Impact of Metadata on Full-text Information Retrieval Performance: An Experimental Research on a Small Scale Turkish Corpus

Capkin C.

TURKISH LIBRARIANSHIP, cilt.30, ss.678-701, 2016 (ESCI İndekslerine Giren Dergi) identifier

  • Cilt numarası: 30 Konu: 4
  • Basım Tarihi: 2016
  • Sayfa Sayıları: ss.678-701


Information institutions use text-based information retrieval systems to store, index and retrieve metadata, full-text, or both metadata and full-text (hybrid) contents. The aim of this research was to evaluate impact of these contents on information retrieval performance. For this purpose, metadata (MIR), full-text (FIR) and hybrid (HIR) content information retrieval systems were developed with default Lucene information retrieval model for a small scale Turkish corpus.
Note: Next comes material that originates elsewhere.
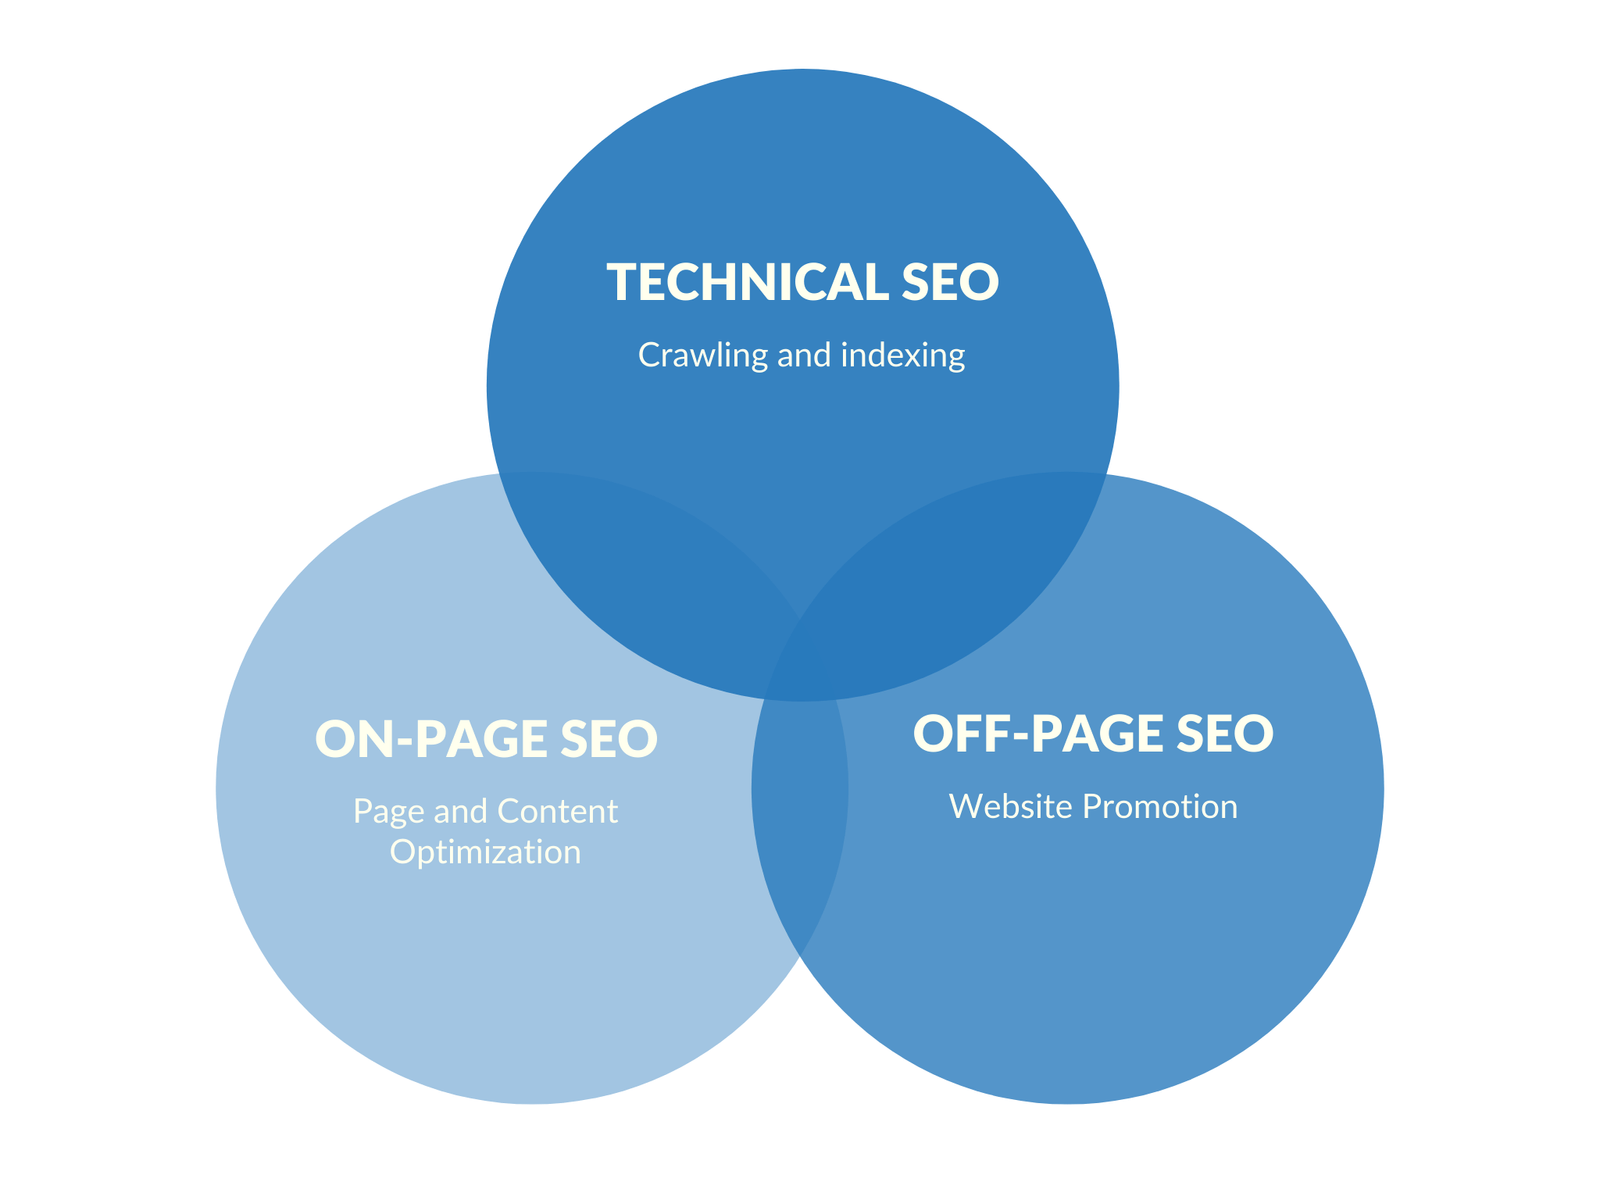 Os três principais processos de SEO - SEO Técnico, SEO On-page e SEO Offpage
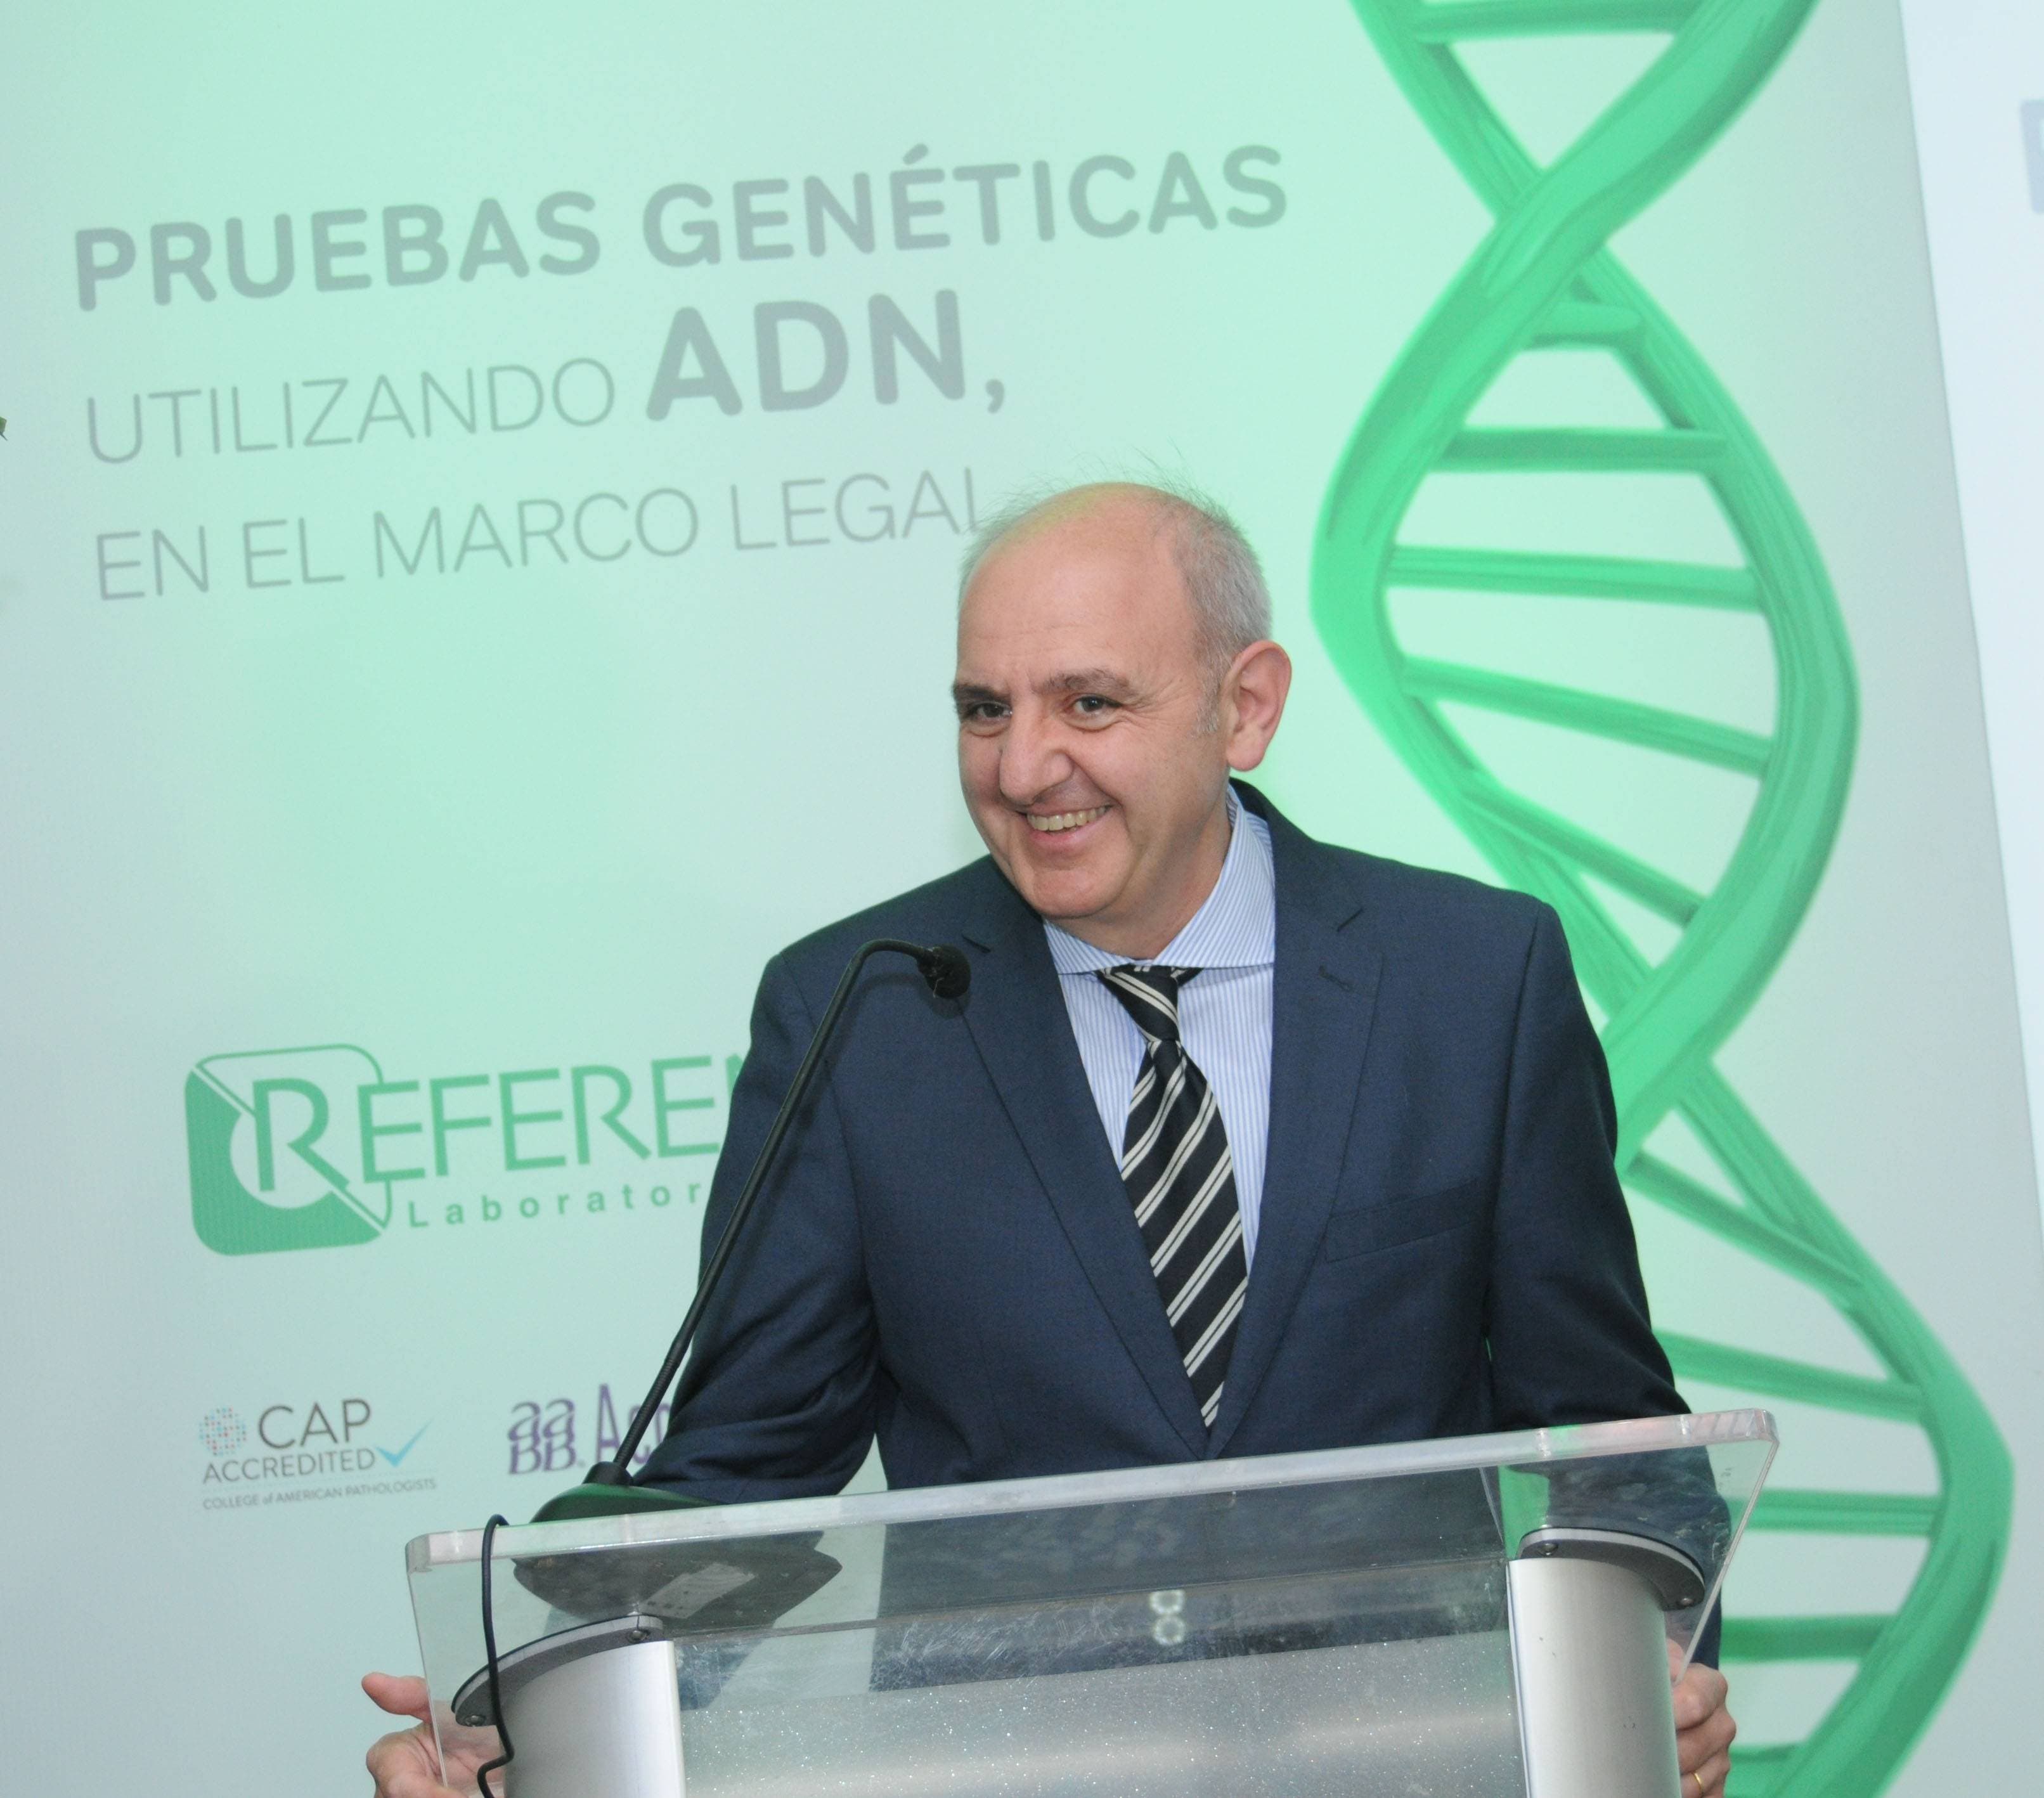 Video: Científico propone a RD analítica del ADN como método investigación delictiva

In order to evaluate performance of this three systems, "precision - recall" and "normalized recall" tests were conducted. Experimental findings showed that there were no significant differences between MIR and FIR in mean average precision (MAP) performance. On the other hand, MAP performance of HIR was significantly higher in comparison to MIR and FIR. When information retrieval performance was evaluated as user-centered, the "normalized recall" performances of MIR and HIR were significantly higher than FIR. Additionally, there were no significant differences between the systems in retrieved relevant document means. Processing different types of contents such as metadata and full-text had some advantages and disadvantages for information retrieval systems in terms of term management. The advantages brought together in hybrid content processing (HIR) and information retrieval performance improved.